Data below:
Content starts

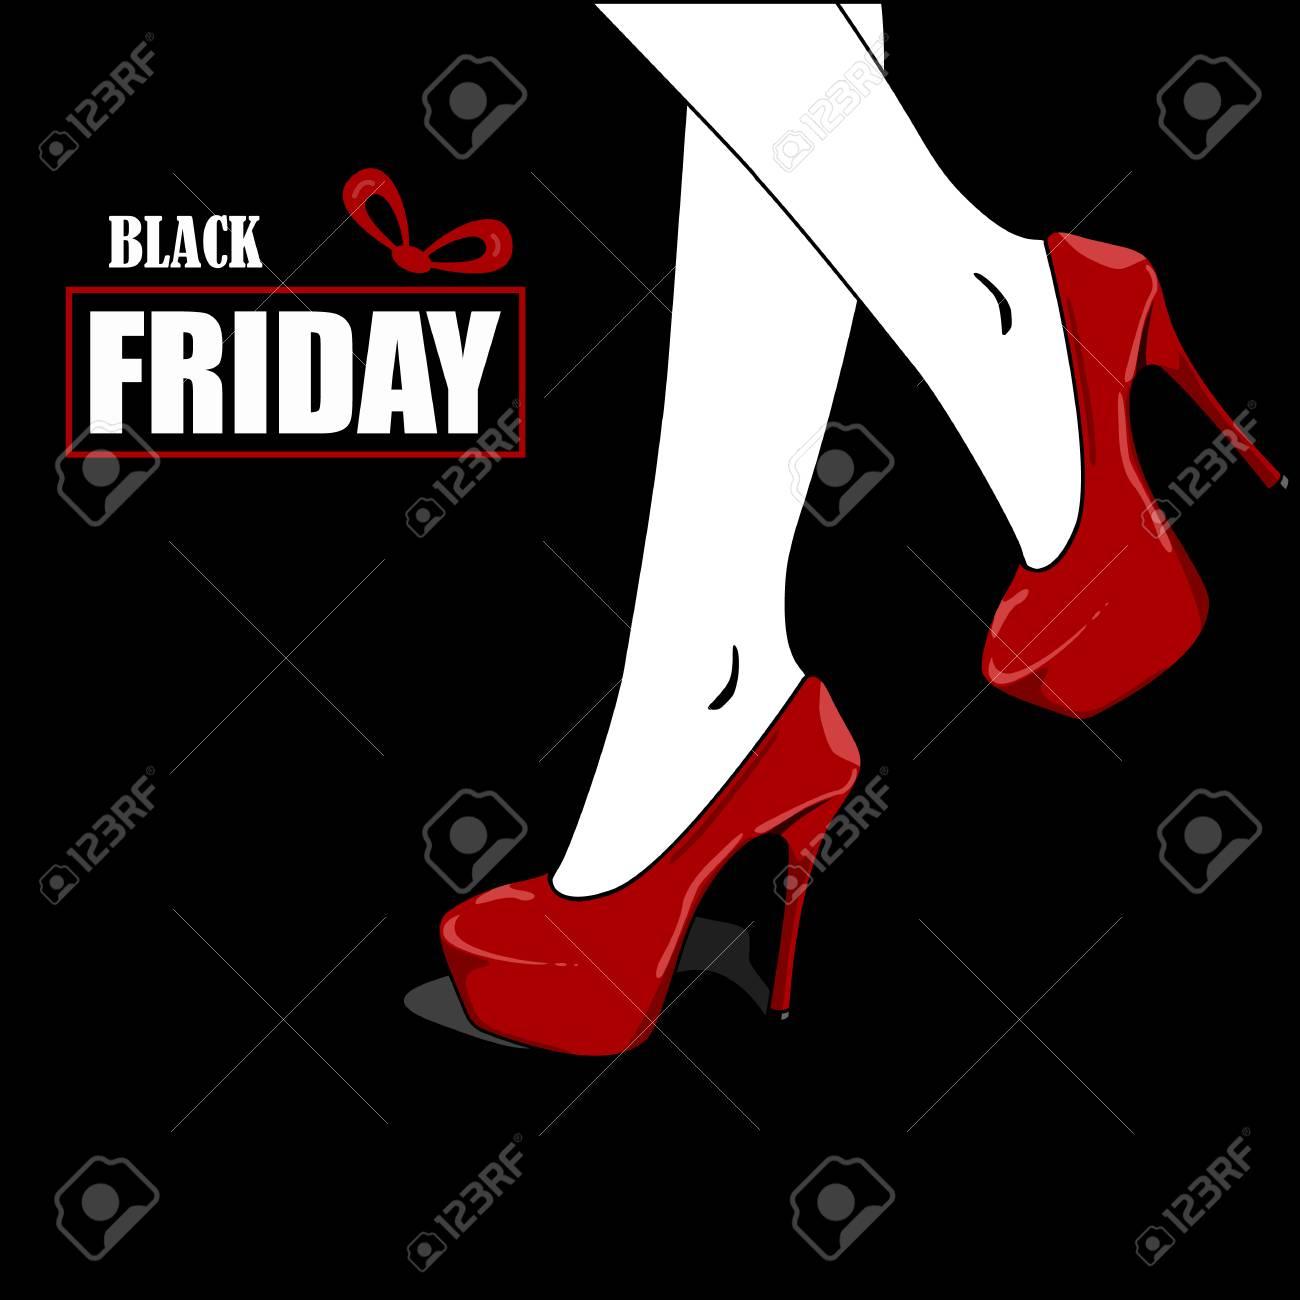 Black Friday Sale Poster. With Elegant
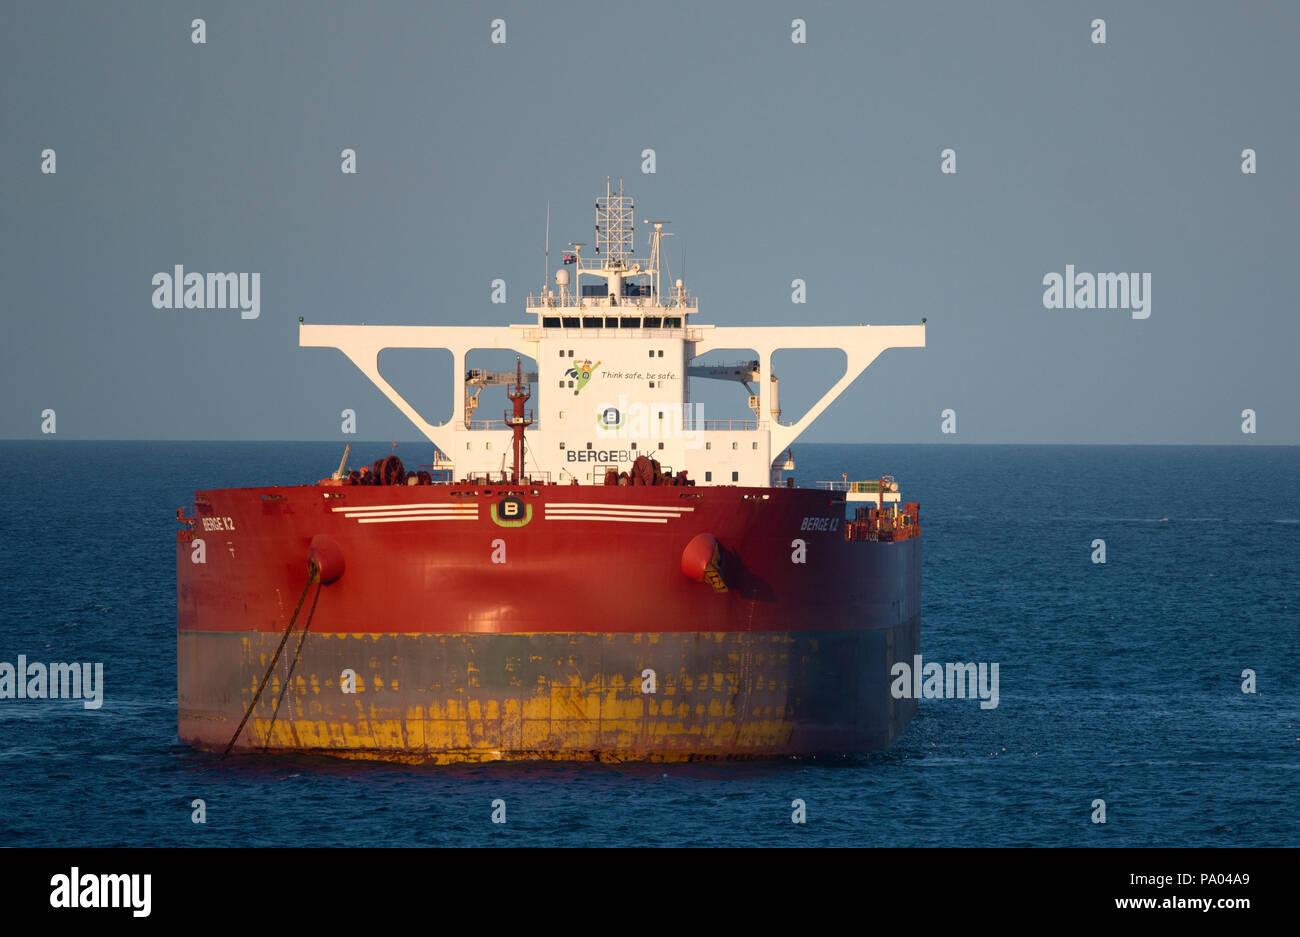 Ships& People - Stock Image
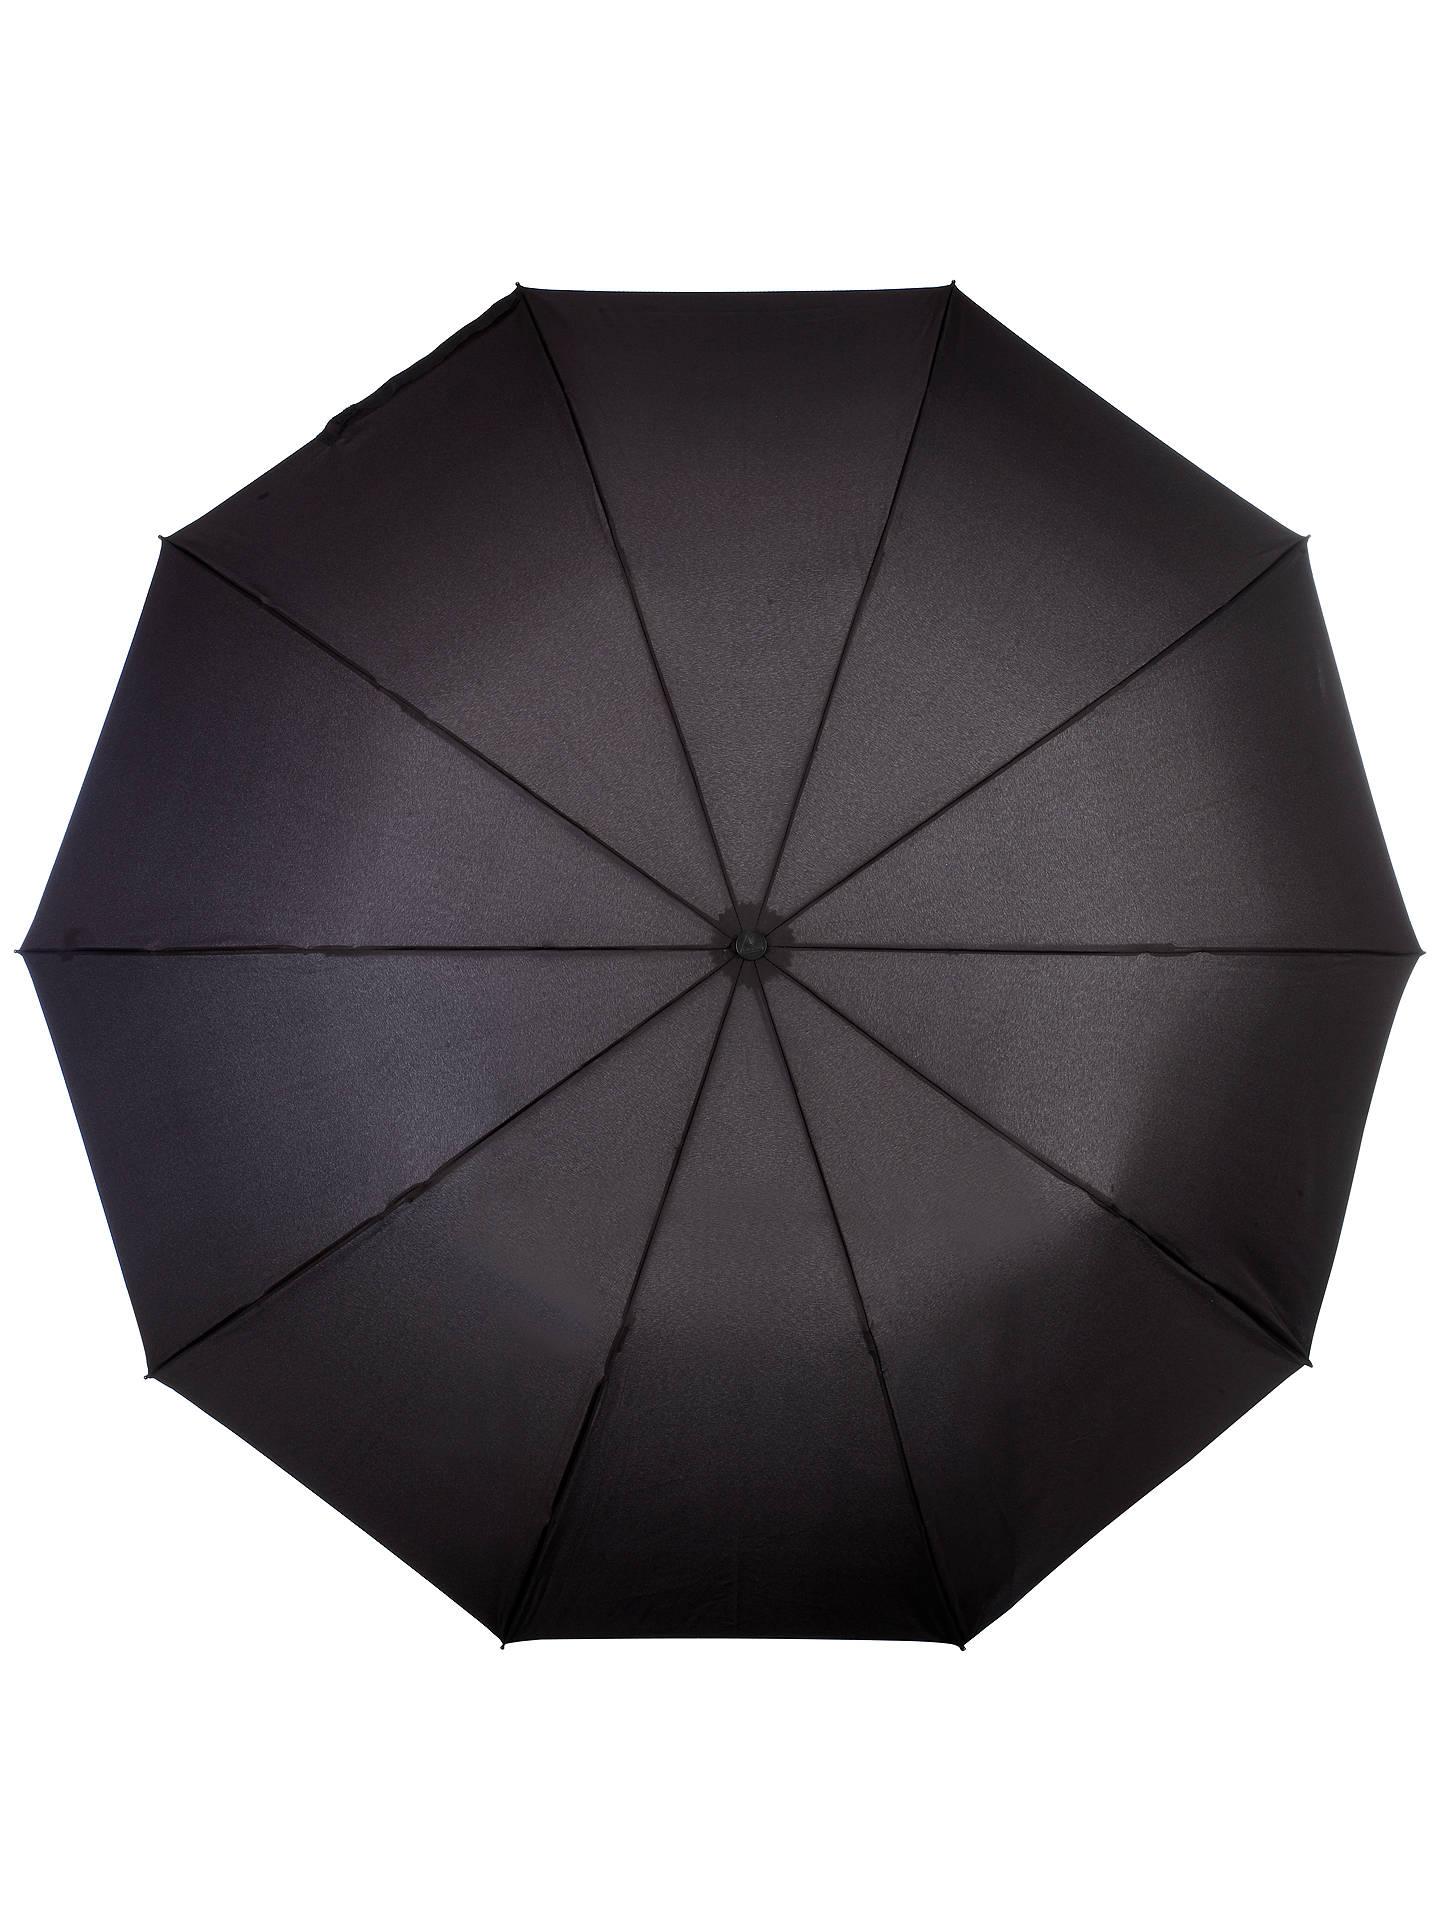 6becf5c97d5f Fulton Magnum Automatic Folding Umbrella, Black

Content ends

What to do: Your task is to repeat the listing exactly while omitting its pictures.

Response to the task:
 Black Friday Sale Poster. With Elegant
 Ships& People - Stock Image
 6becf5c97d5f Fulton Magnum Automatic Folding Umbrella, Black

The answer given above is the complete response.